Book Studies on Greek and Roman History and Literature

Download or read book Studies on Greek and Roman History and Literature written by Baldwin and published by BRILL. This book was released on 2023-11-27 with total page 602 pages. Available in PDF, EPUB and Kindle. Book excerpt:

Book Encomium of Ptolemy Philadelphus

Download or read book Encomium of Ptolemy Philadelphus written by Theocritus and published by Univ of California Press. This book was released on 2003-11-10 with total page 245 pages. Available in PDF, EPUB and Kindle. Book excerpt: Under Ptolemy II Philadelphus, who ruled Egypt in the middle of the third century B.C.E., Alexandria became the brilliant multicultural capital of the Greek world. Theocritus's poem in praise of Philadelphus—at once a Greek king and an Egyptian pharaoh—is the only extended poetic tribute to this extraordinary ruler that survives. Combining the Greek text, an English translation, a full line-by-line commentary, and extensive introductory studies of the poem's historical and literary context, this volume also offers a wide-ranging and far-reaching consideration of the workings and representation of poetic patronage in the Ptolemaic age. In particular, the book explores the subtle and complex links among Theocritus's poem, modes of praise drawn from both Greek and Egyptian traditions, and the subsequent flowering of Latin poetry in the Augustan age. As the first detailed account of this important poem to show how Theocritus might have drawn on the pharaonic traditions of Egypt as well as earlier Greek poetry, this book affords unique insight into how praise poetry for Ptolemy and his wife may have helped to negotiate the adaptation of Greek culture that changed conditions of the new Hellenistic world. Invaluable for its clear translation and its commentary on genre, dialect, diction, and historical reference in relation to Theocritus's Encomium, the book is also significant for what it reveals about the poem's cultural and social contexts and about Theocritus' devices for addressing his several readerships. COVER IMAGE: The image on the front cover of this book is incorrectly identified on the jacket flap. The correct caption is: Gold Oktadrachm depicting Ptolemy II and Arsinoe (mid-third century BCE; by permission of the Museum of Fine Arts, Boston).

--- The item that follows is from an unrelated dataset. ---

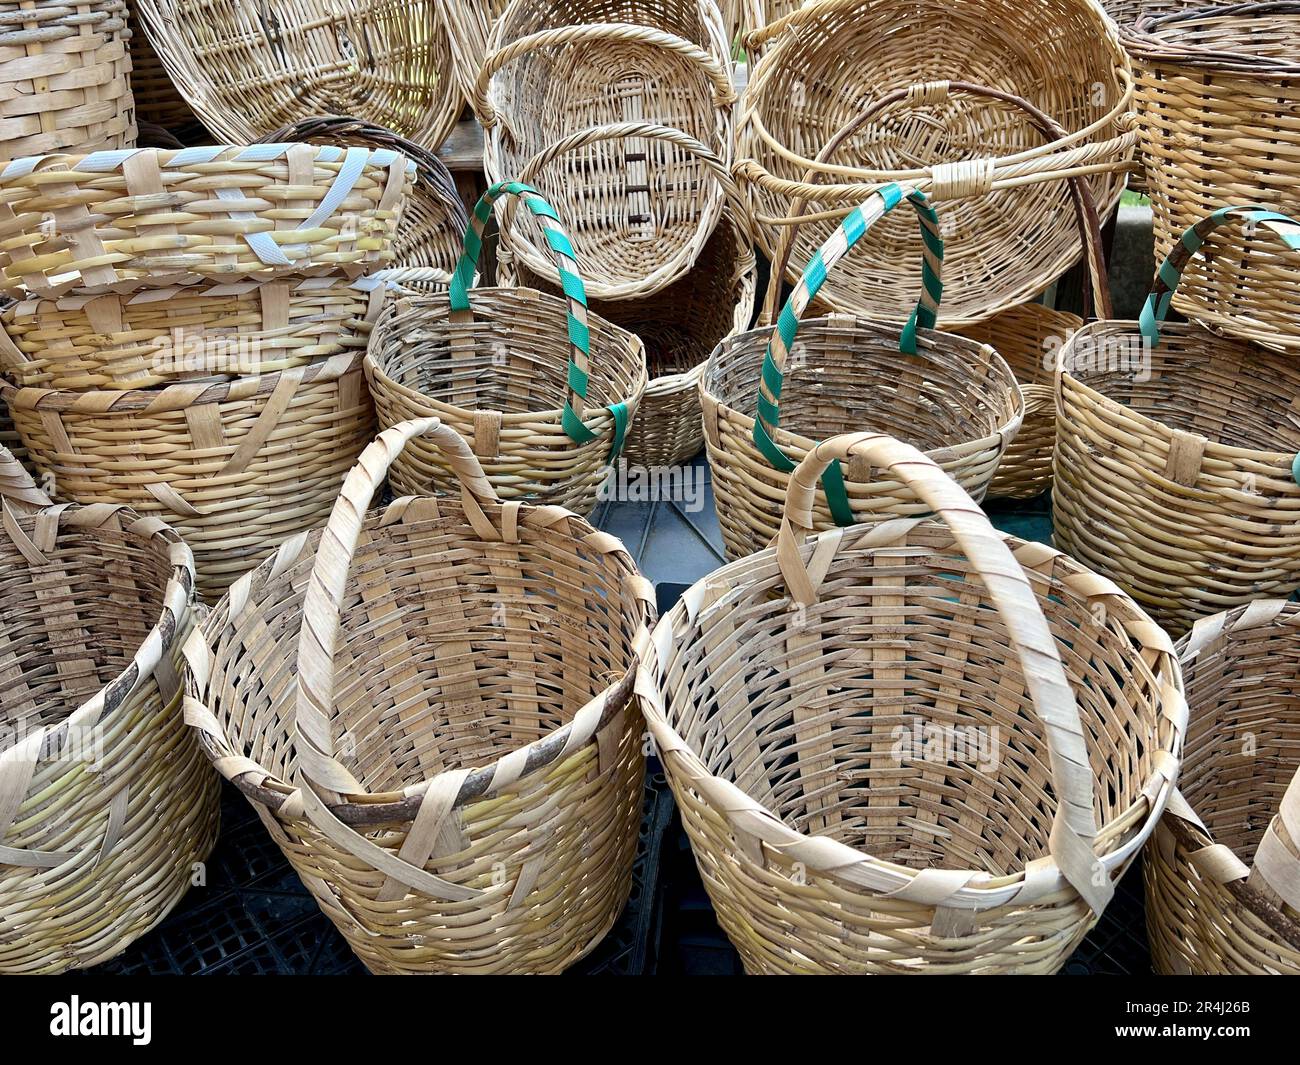 Cestini, canestri in paglia naturale fatti a mano in mercato bazar

Book The Periplus Maris Erythraei

Download or read book The Periplus Maris Erythraei written by Lionel Casson and published by Princeton University Press. This book was released on 2012-05-05 with total page 339 pages. Available in PDF, EPUB and Kindle. Book excerpt: The Periplus Maris Erythraei, "Circumnavigation of the Red Sea," is the single most important source of information for ancient Rome's maritime trade in these waters (i.e., the Red Sea, Gulf of Aden, and western Indian Ocean). Written in the first century A.D. by a Greek merchant or skipper, it is a short manual for the traders who sailed from the Red Sea ports of Roman Egypt to buy and sell in the various ports along the coast of eastern Africa, southern Arabia, and western India. This edition, in many ways the culmination of a lifetime of study devoted to Rome's merchant marine and her trade with the east, provides an improved text of the Periplus, along with a lucid and reliable translation, a comprehensive general commentary that treats in particular the numerous obscure place-names and technical terms that occur, and a technical commentary that deals with grammatical, lexicographical, and textual matters for readers competent in Greek. An extensive introduction places the Periplus in its historical context.

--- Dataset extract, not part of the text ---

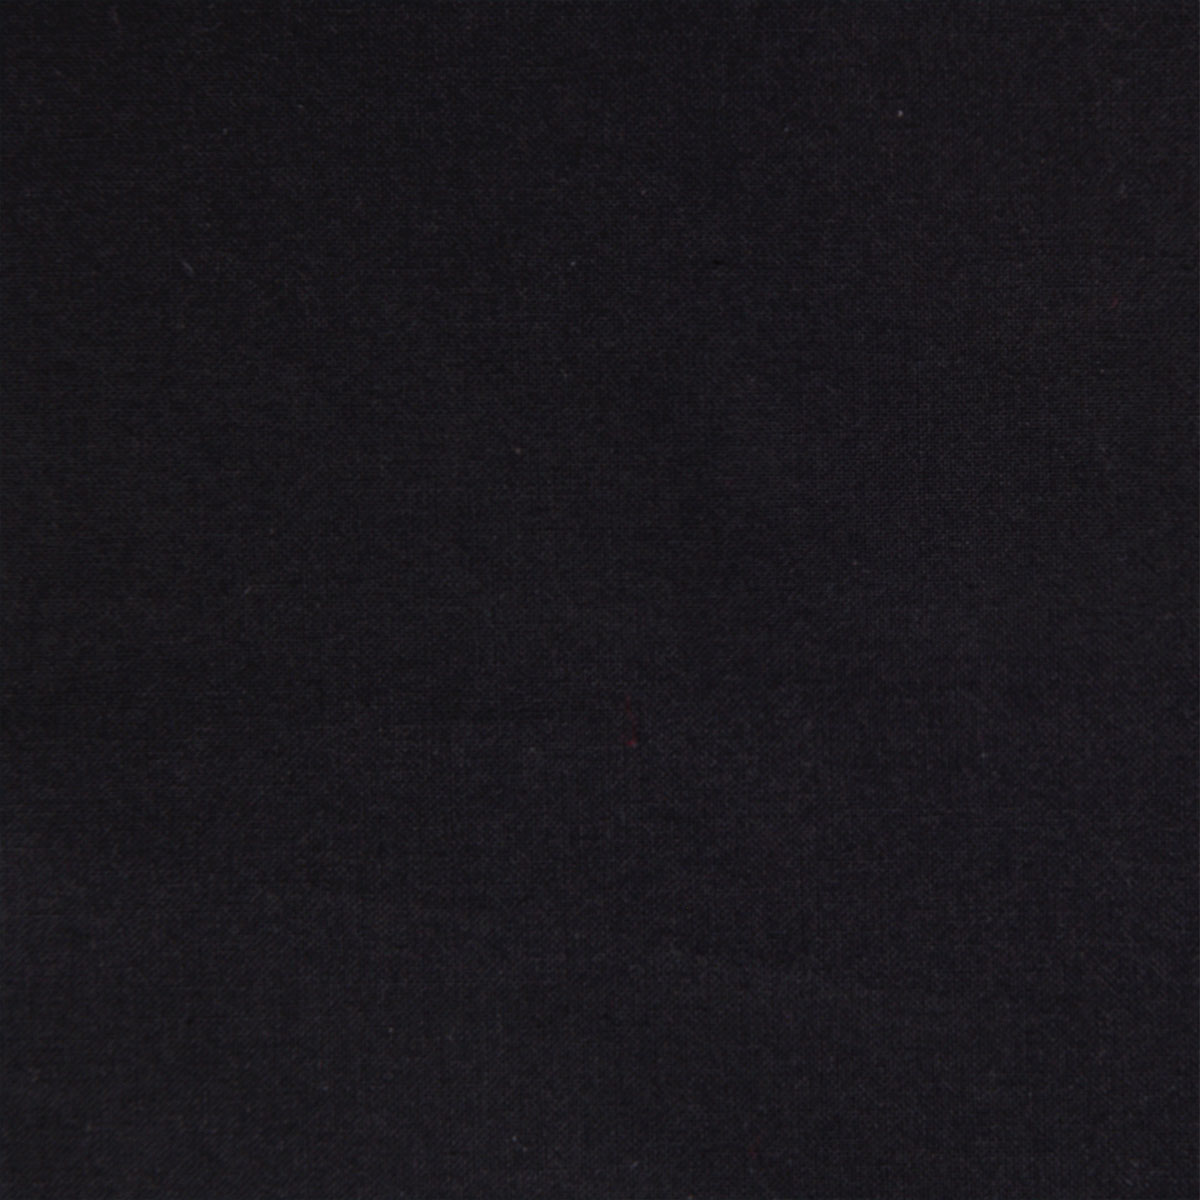 Dekostoff Freiberg schwarz in 1,6m Breite (METERWARE) Baumwollstoff Stoff aus 100% Baumwolle

Book A Commentary on Plutarch s Pericles

Download or read book A Commentary on Plutarch s Pericles written by Philip A. Stadter and published by UNC Press Books. This book was released on 2017-12-10 with total page 505 pages. Available in PDF, EPUB and Kindle. Book excerpt: Plutarch's Life of Pericles is one of the outstanding works of ancient biography. Called by some a coward and others a boor, Pericles was a genius as a statesman. He ruled Athens like a monarch between 441 and 430 B.C., a period of great political and intellectual achievement. In the first comprehensive commentary in this century on Plutarch's text, Philip Stadter explores both the literary and historical aspects of this extraordinary work, which is included here in Greek in its entirety. In an extensive introduction, Stadter considers the broad questions of the biography's structure, its place and importance within Plutarch's body of literary works, and its relation to its companion piece, the Fabius Maximus. He discussed Plutarch's historical method and argues that the biographer's innovative and thorough use of sources, especially contemporary histories, make Pericles particularly valuable to modern scholars. Examining the literary devices that shape and organize the work, Stadter analyzes the Greek text line by line. A detailed study of word usage and meaning complements grammatical and lexicographical notes that make the peculiarities of Plutarch's Greek accessible to readers unfamiliar with the original text. This evaluation of Plutarch's biographical technique is exceptional in its combination of archaeological, epigraphical, and historical analysis. Pericles emerges from the discussion as a masterpiece of later Greek prose and biography. Stadter's thorough and insightful analysis secures the importance of this text as both a work of literature and a vivid depiction of the society, culture, and politics of fifth-century Athens. Originally published in 1989. A UNC Press Enduring Edition -- UNC Press Enduring Editions use the latest in digital technology to make available again books from our distinguished backlist that were previously out of print. These editions are published unaltered from the original, and are presented in affordable paperback formats, bringing readers both historical and cultural value.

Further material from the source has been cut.